### [DATA SECTION]
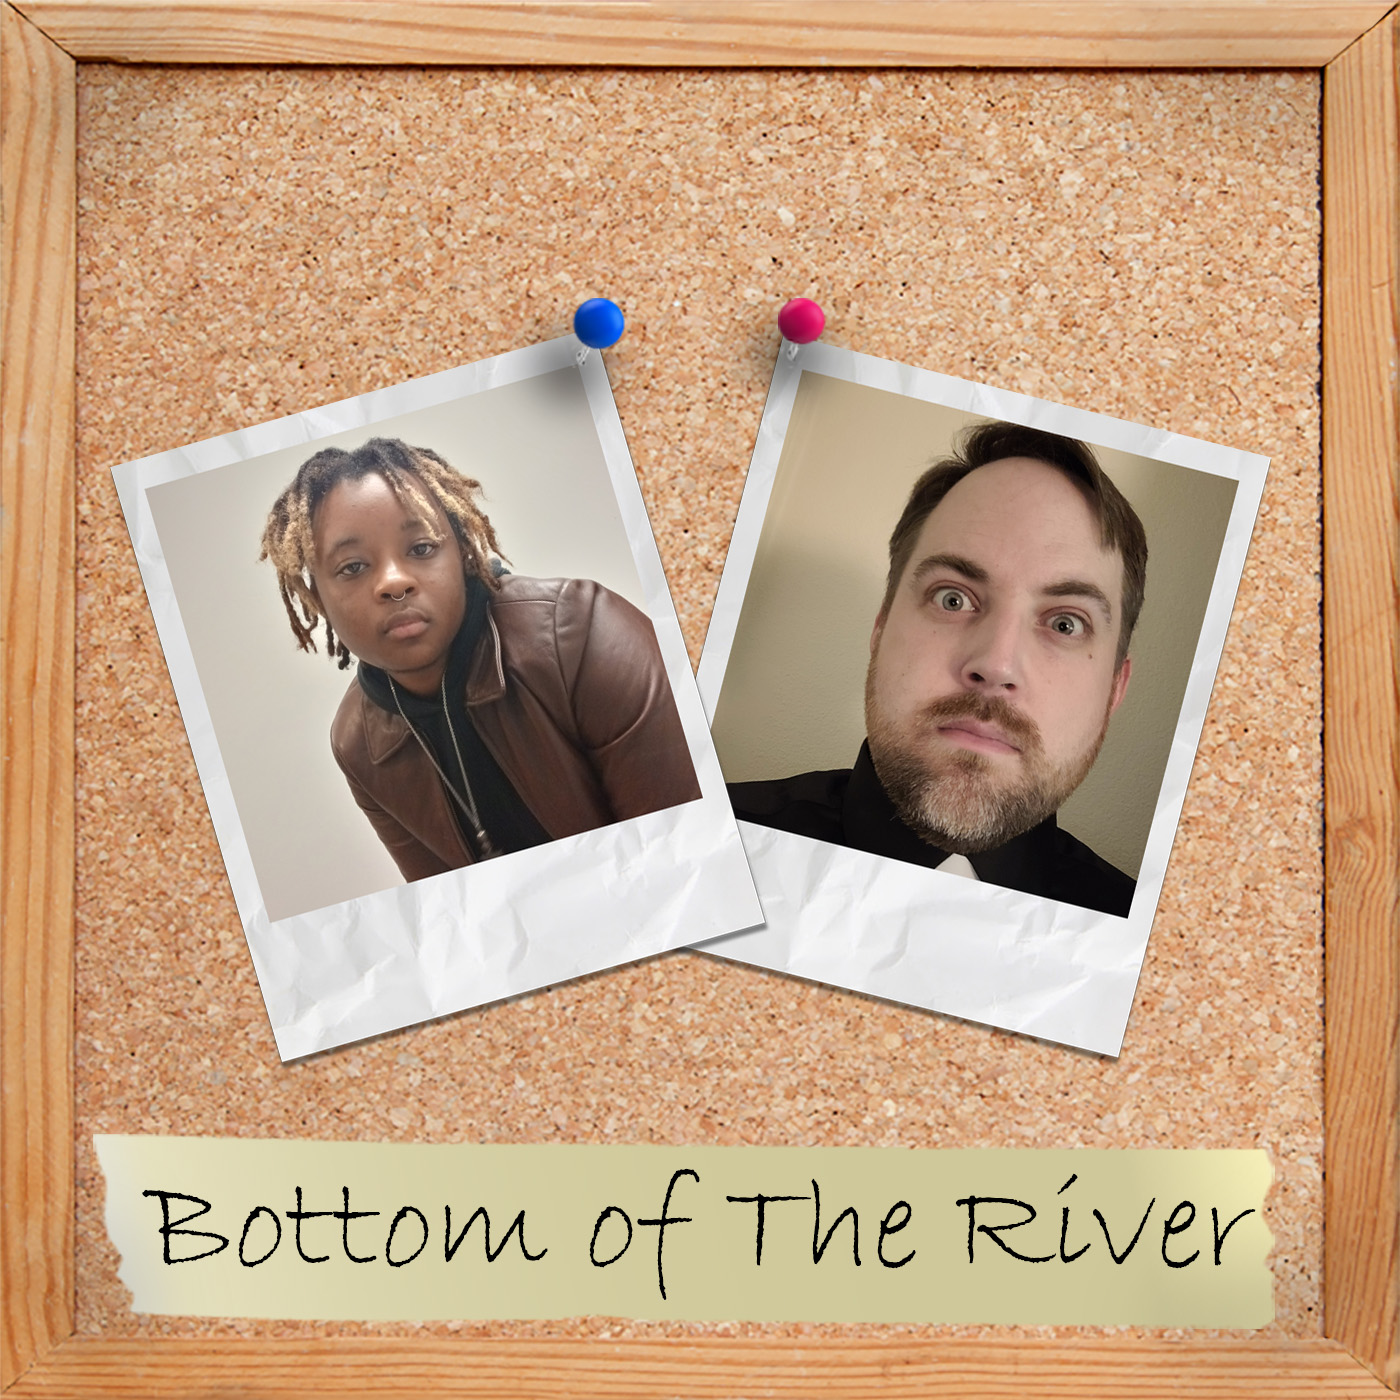 S1 Ep3: Bottom of the River
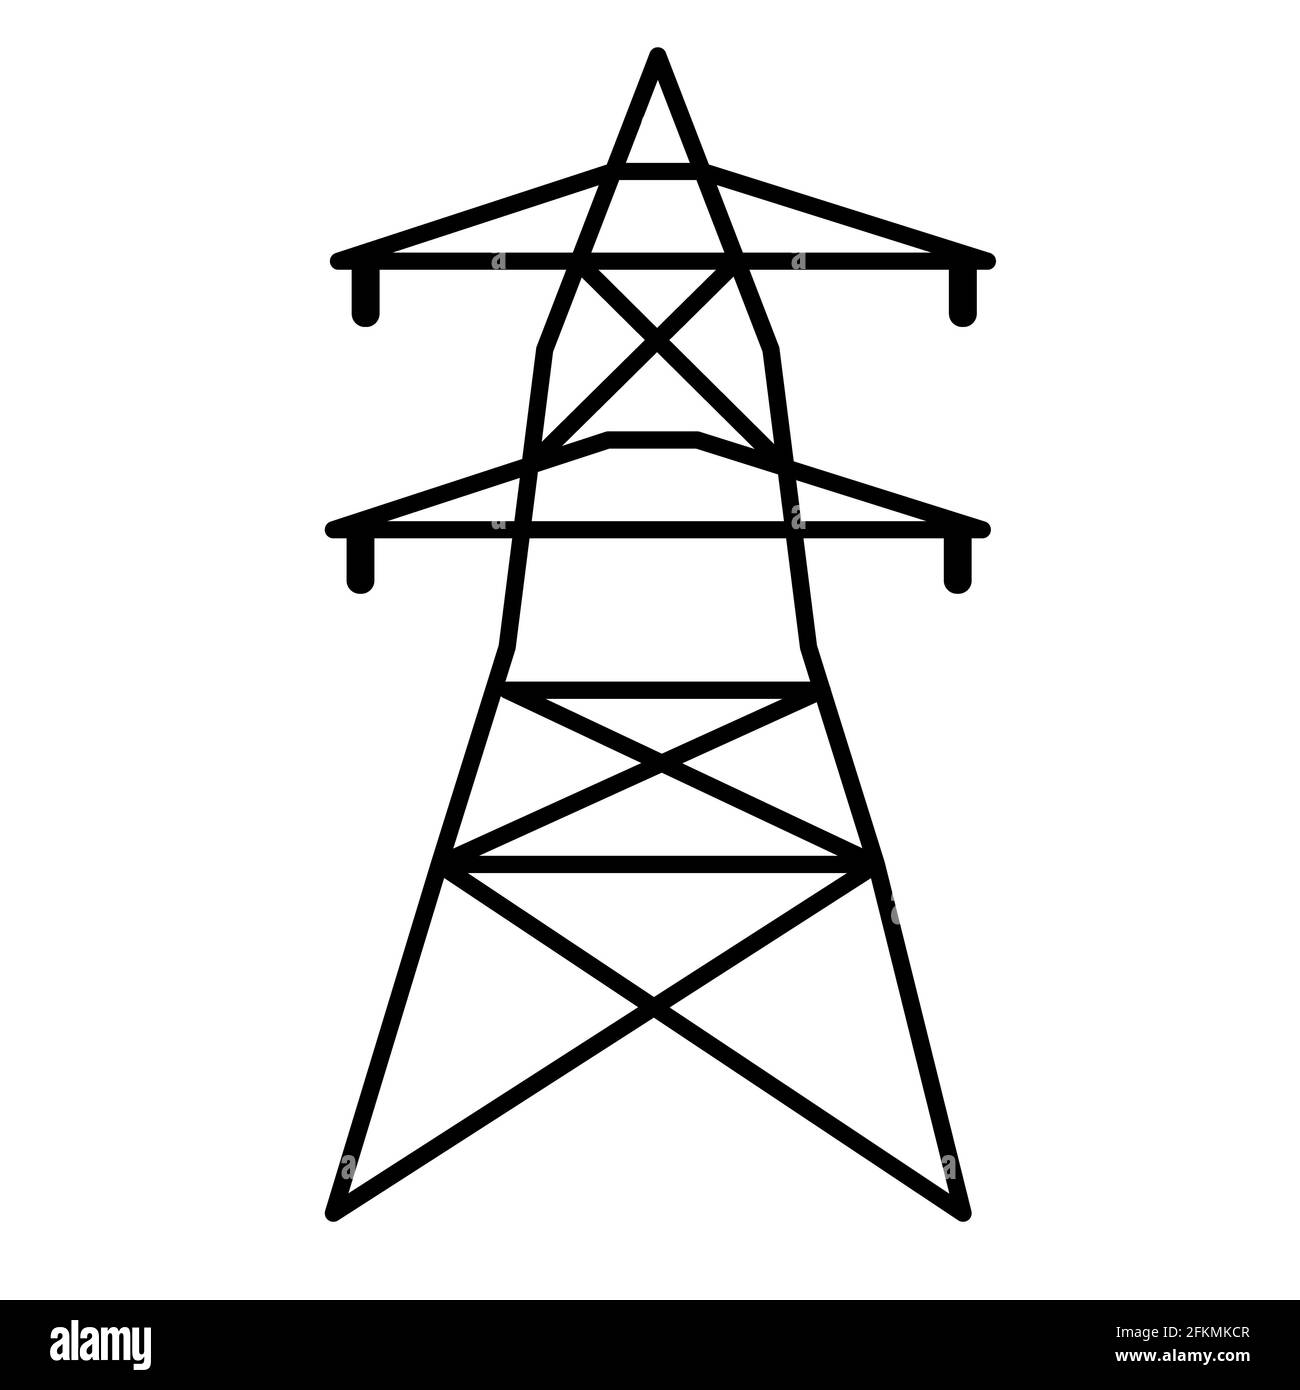 electrical tower icon on white background. flat style. electricity sign. high voltage electric transmission tower. electric power logo. Stock Photo
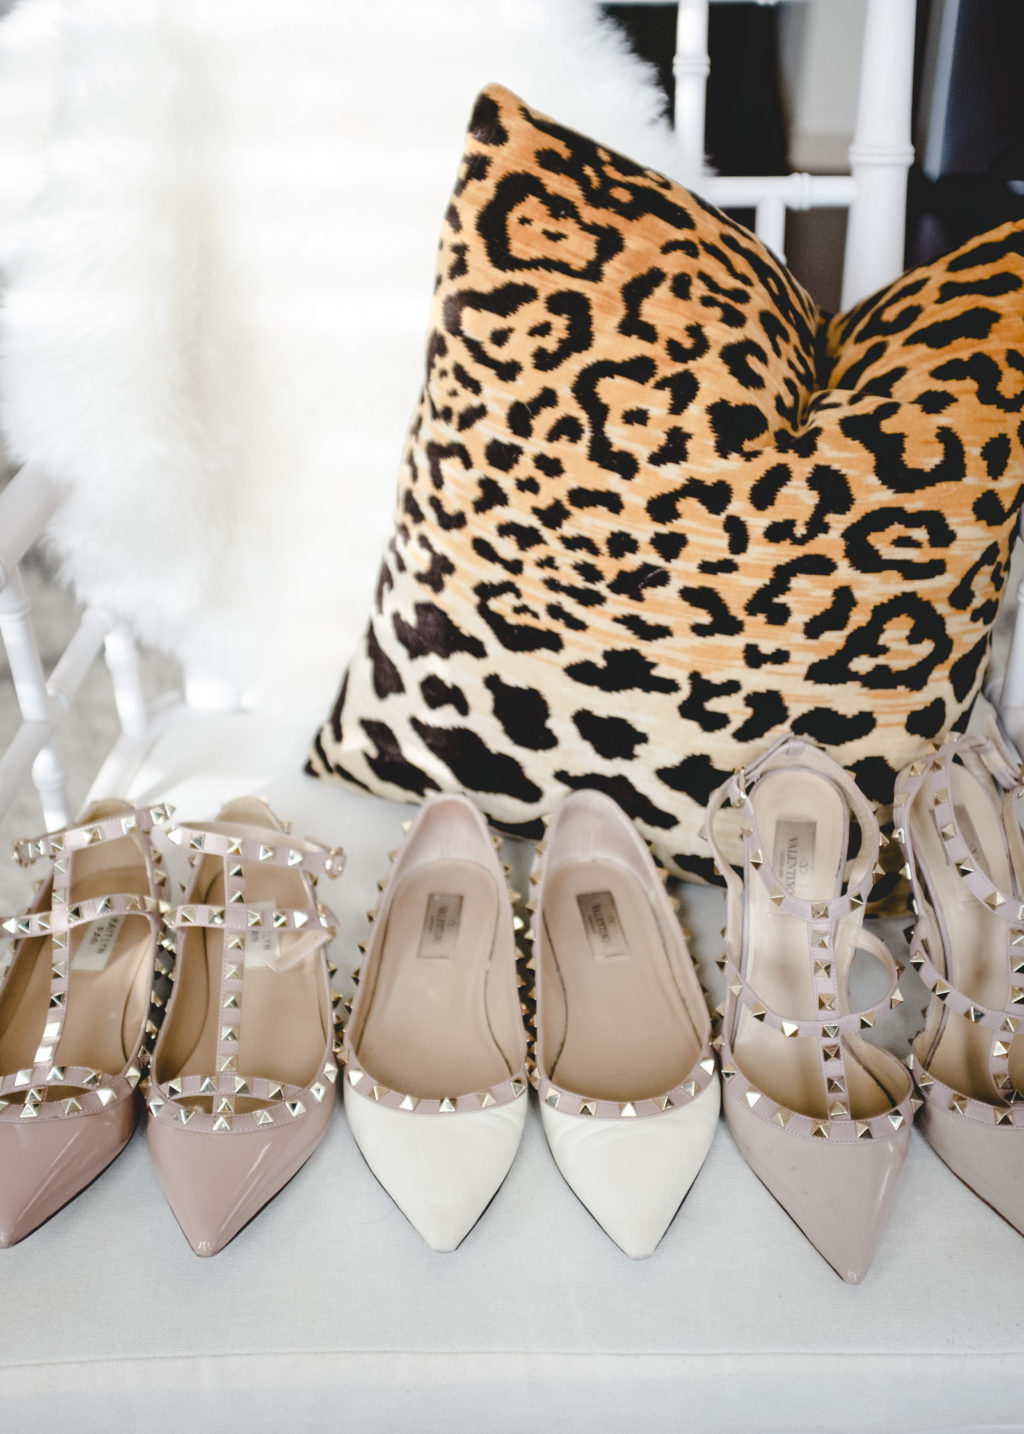 The Look for Less: Flats | The Diva: a Dallas Fashion Blog featuring Beauty & Lifestyle

### [PROBLEM DETAILS]
Repeat the data word for word, excluding any image.

### [EXERCISE SOLUTION]
 S1 Ep3: Bottom of the River
 electrical tower icon on white background. flat style. electricity sign. high voltage electric transmission tower. electric power logo. Stock Photo
 The Look for Less: Flats | The Diva: a Dallas Fashion Blog featuring Beauty & Lifestyle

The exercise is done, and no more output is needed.